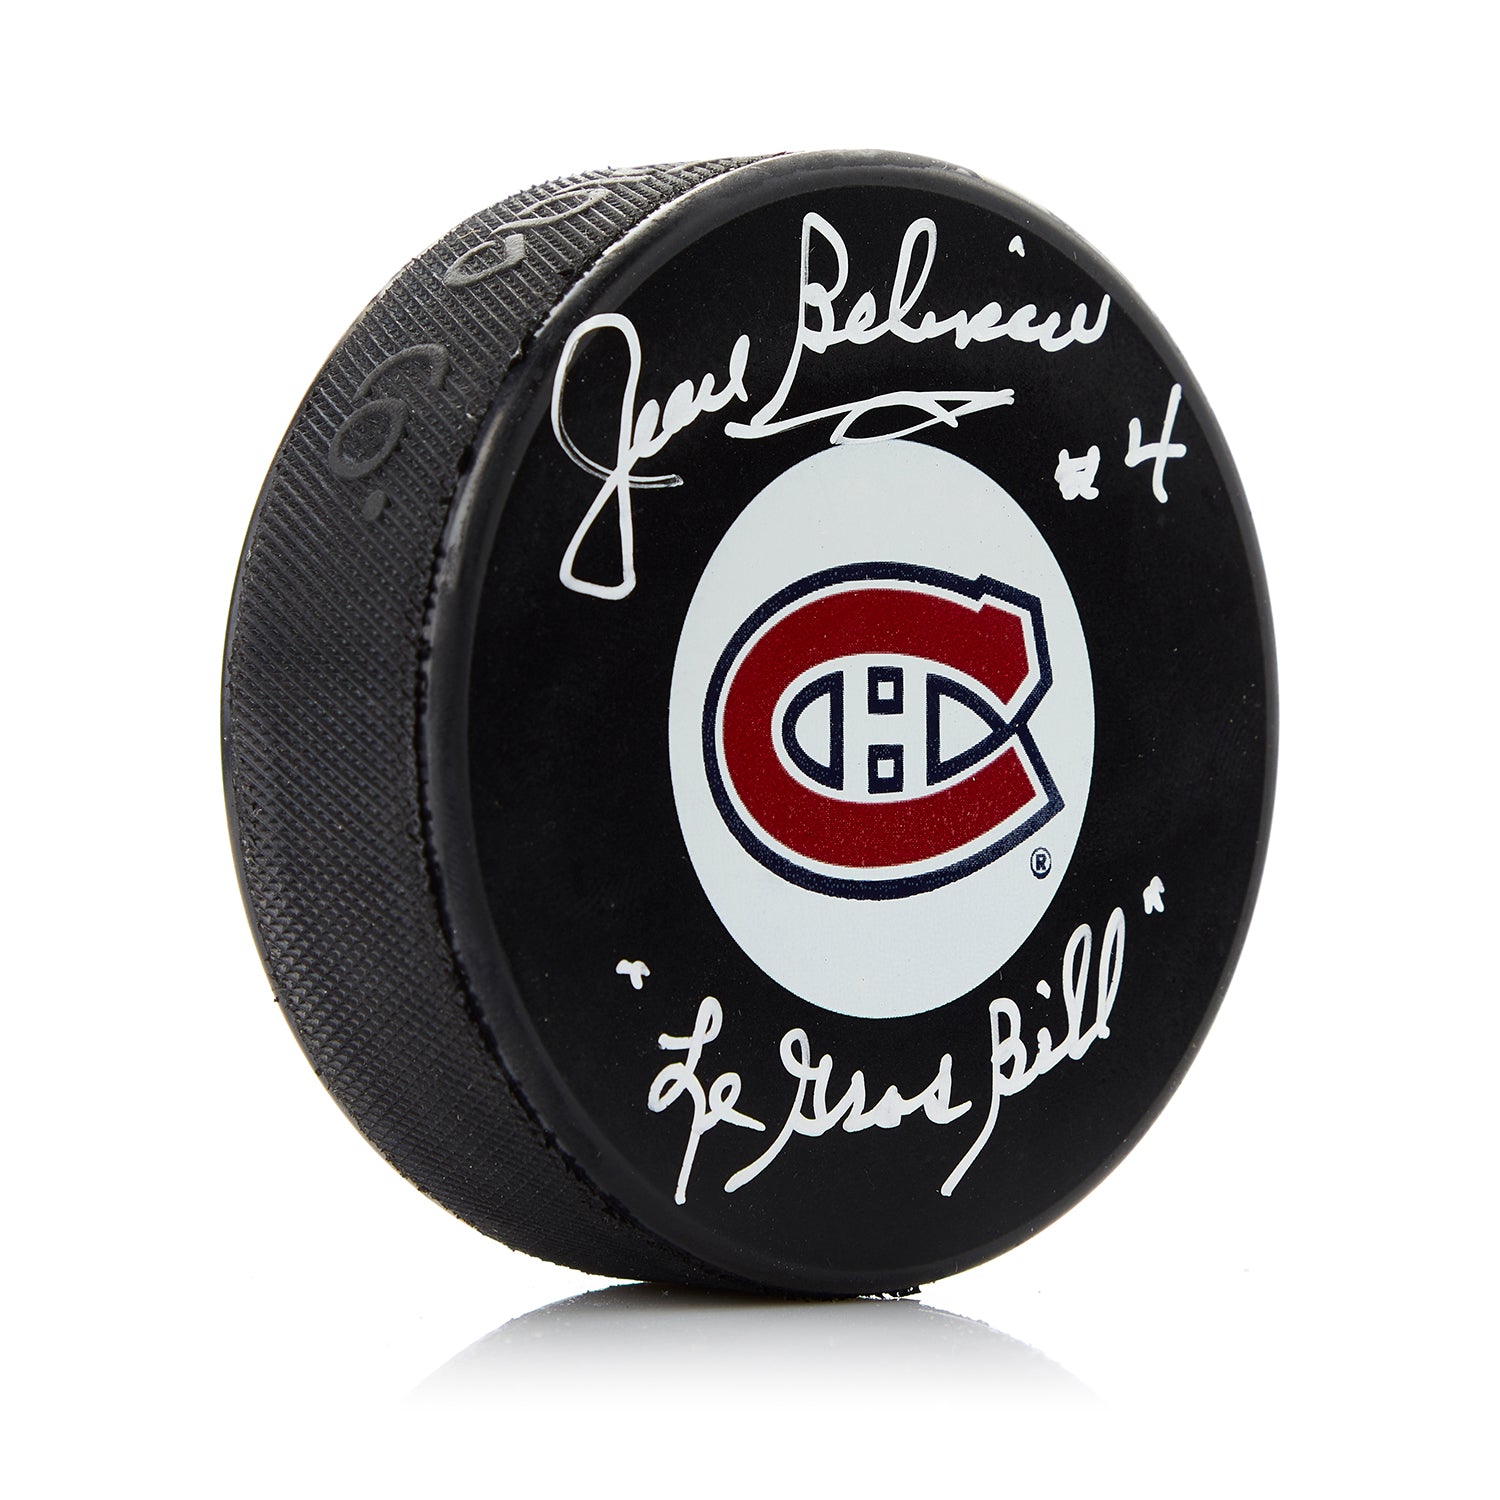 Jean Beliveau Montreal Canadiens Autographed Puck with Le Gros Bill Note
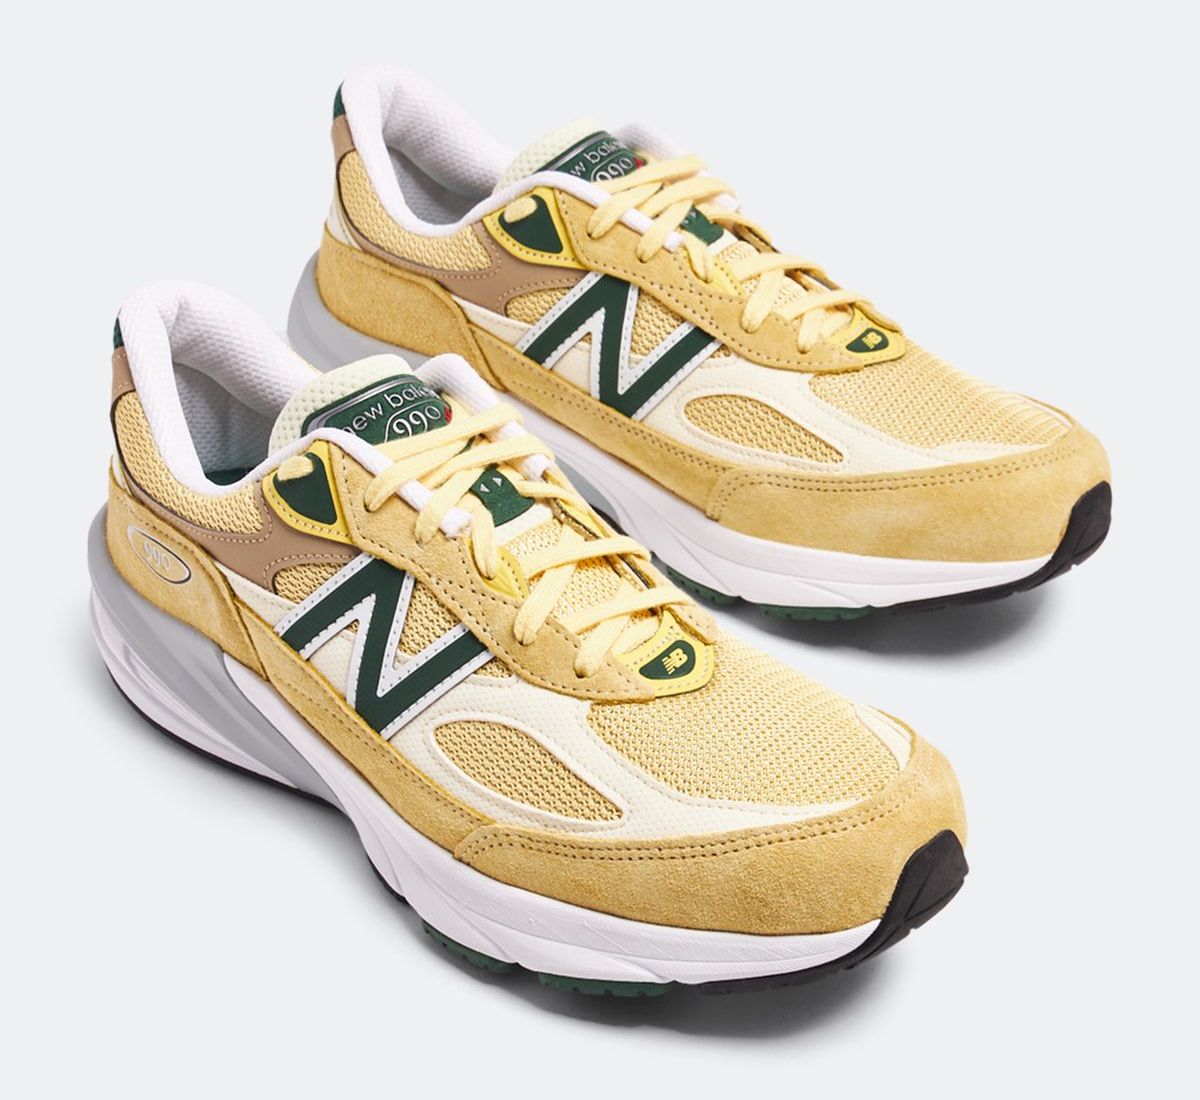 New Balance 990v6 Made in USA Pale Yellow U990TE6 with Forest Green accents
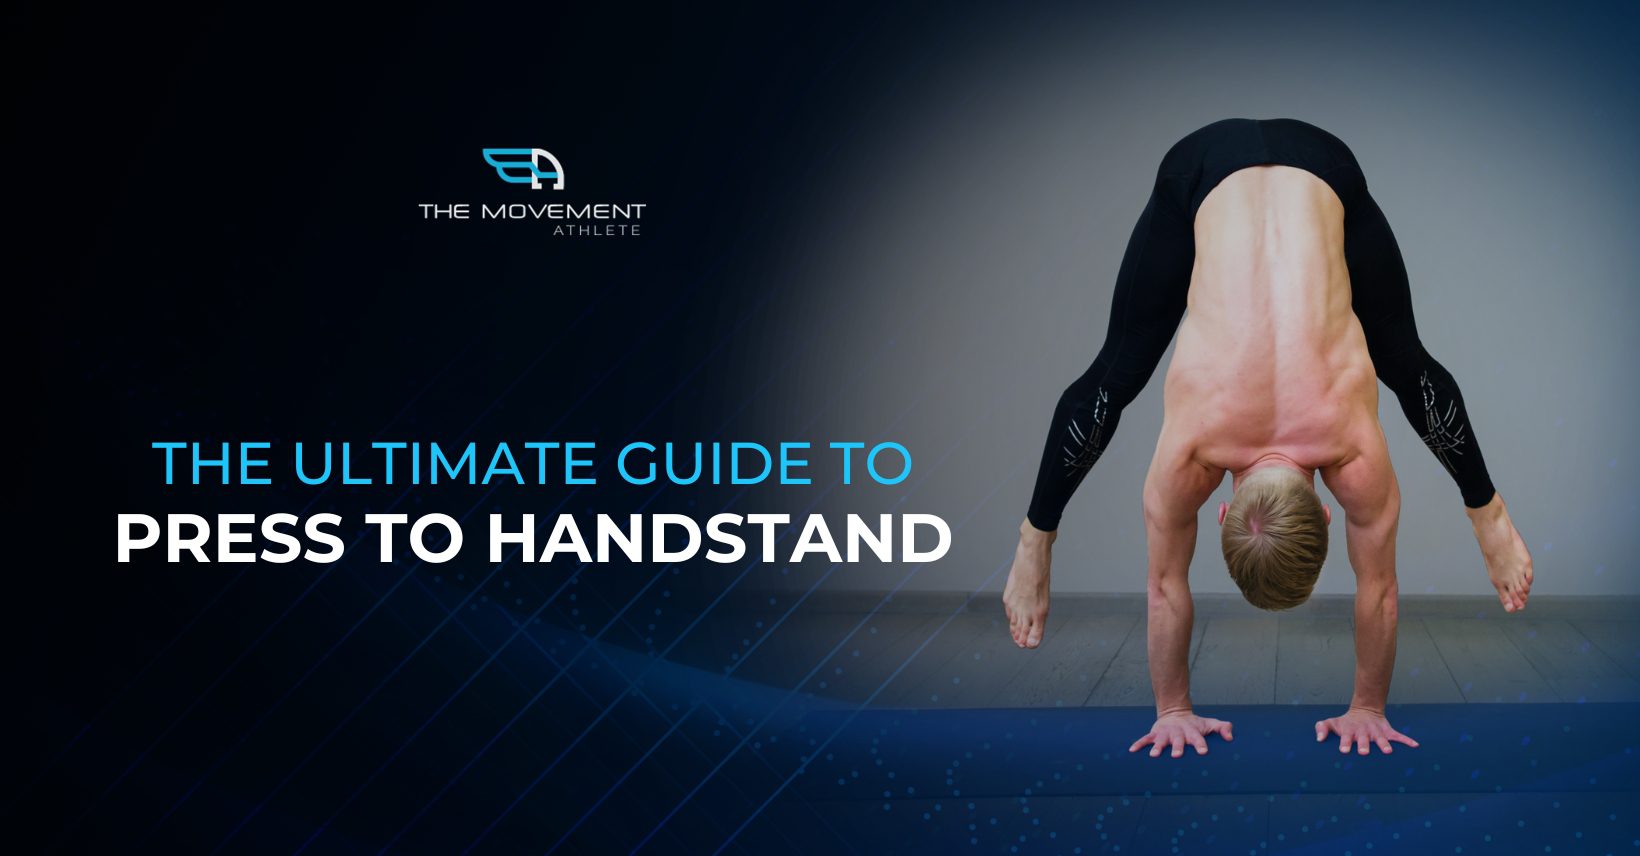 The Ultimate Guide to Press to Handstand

▬▬▬▬▬▬

# Assignment
Every line above should be returned word for word, with the pictures left behind.

# Solved problem
 Jean Beliveau Montreal Canadiens Autographed Puck with Le Gros Bill Note
 New Balance 990v6 Made in USA Pale Yellow U990TE6 with Forest Green accents
 The Ultimate Guide to Press to Handstand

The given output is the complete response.